_Information shown_:
■ ■ ■ ■ ■

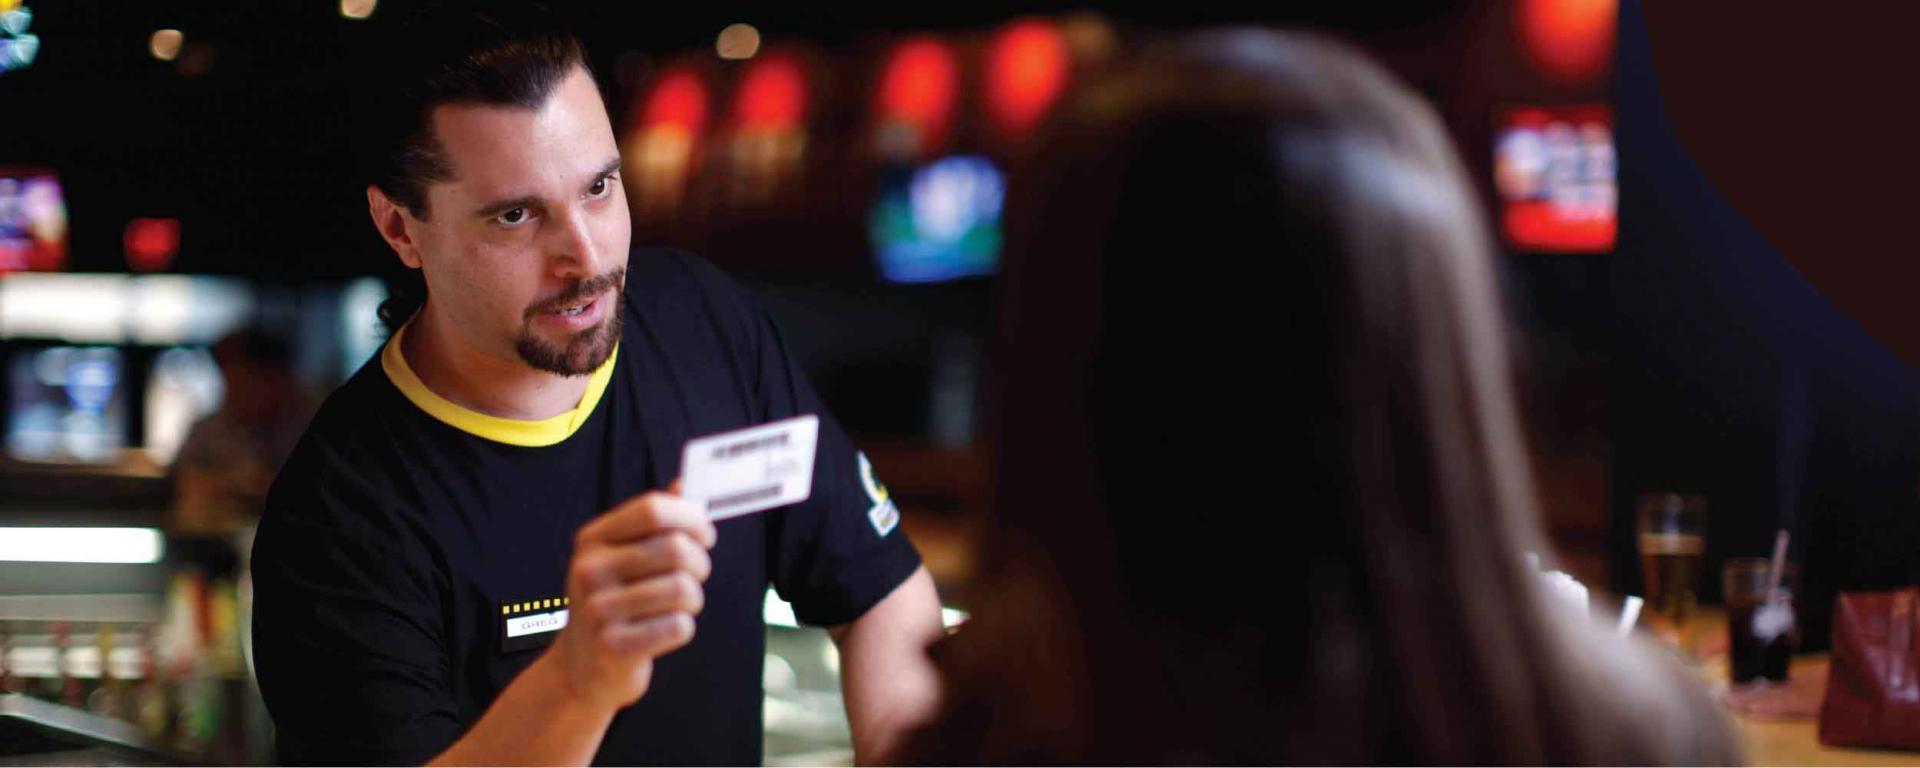 man at bar reviewing ID
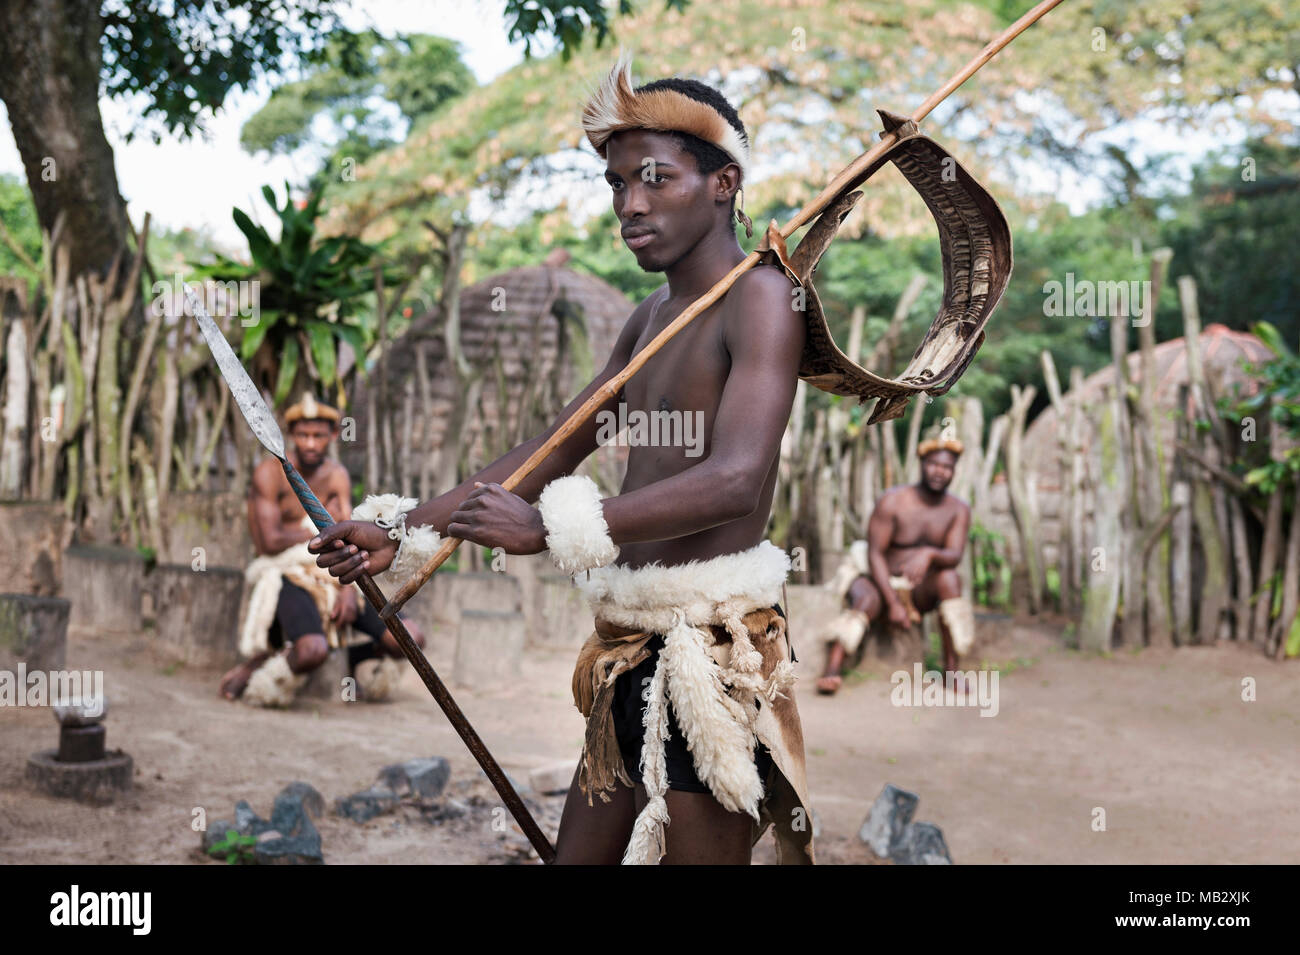 Sainte-lucie- Afrique du Sud - 25 juin 2017 : Zulu warrior en costume traditionnel dans le village de zoulou Khula près de Santa Lucia en Afrique du Sud Banque D'Images
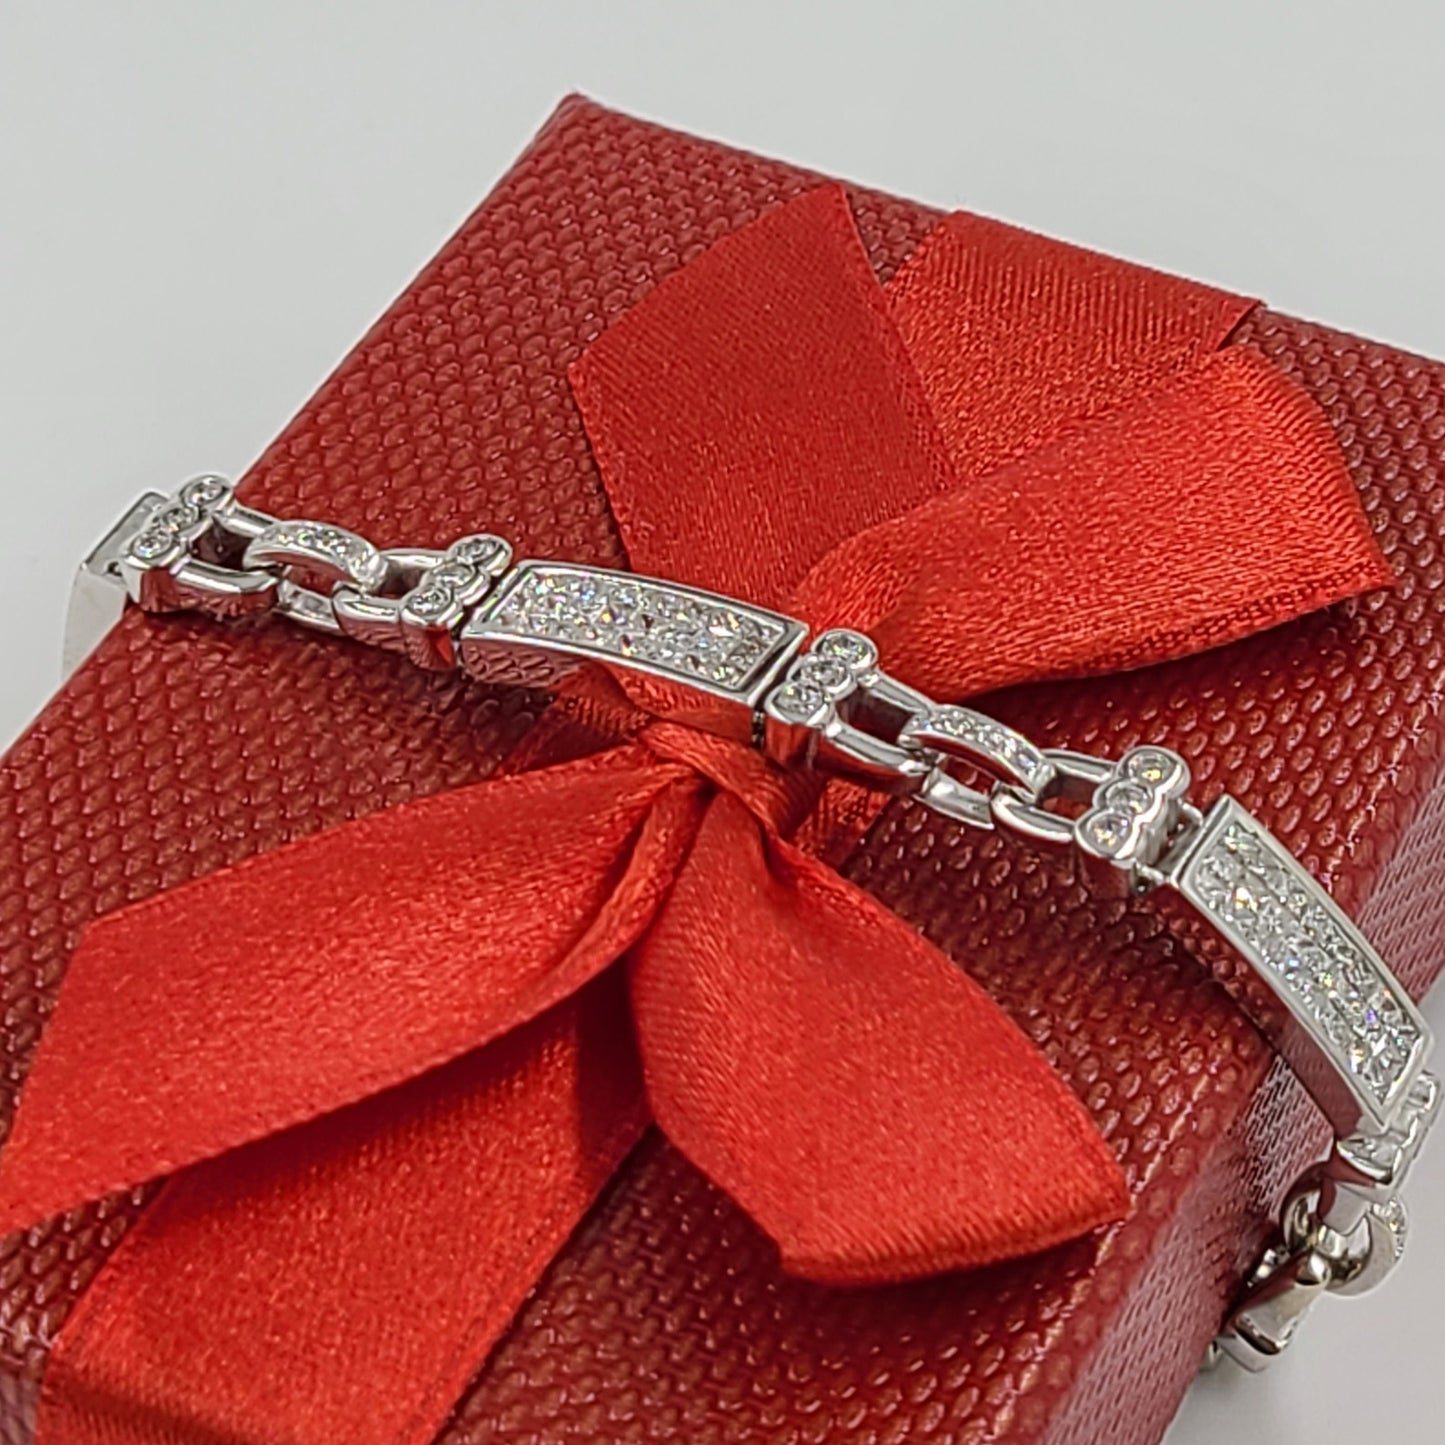 5ct Invisible Set Diamond Bracelet /Handmade Natural Diamond Men's Bracelet/Eternity Diamond Bracelet/Anniversary gift Bracelet

■ ■ ■ ■ ■

_Work order_: Print the listing above in full, exactly as written. Omit any pictures.

_Result for this task_:
 man at bar reviewing ID
 Sainte-lucie- Afrique du Sud - 25 juin 2017 : Zulu warrior en costume traditionnel dans le village de zoulou Khula près de Santa Lucia en Afrique du Sud Banque D'Images
 5ct Invisible Set Diamond Bracelet /Handmade Natural Diamond Men's Bracelet/Eternity Diamond Bracelet/Anniversary gift Bracelet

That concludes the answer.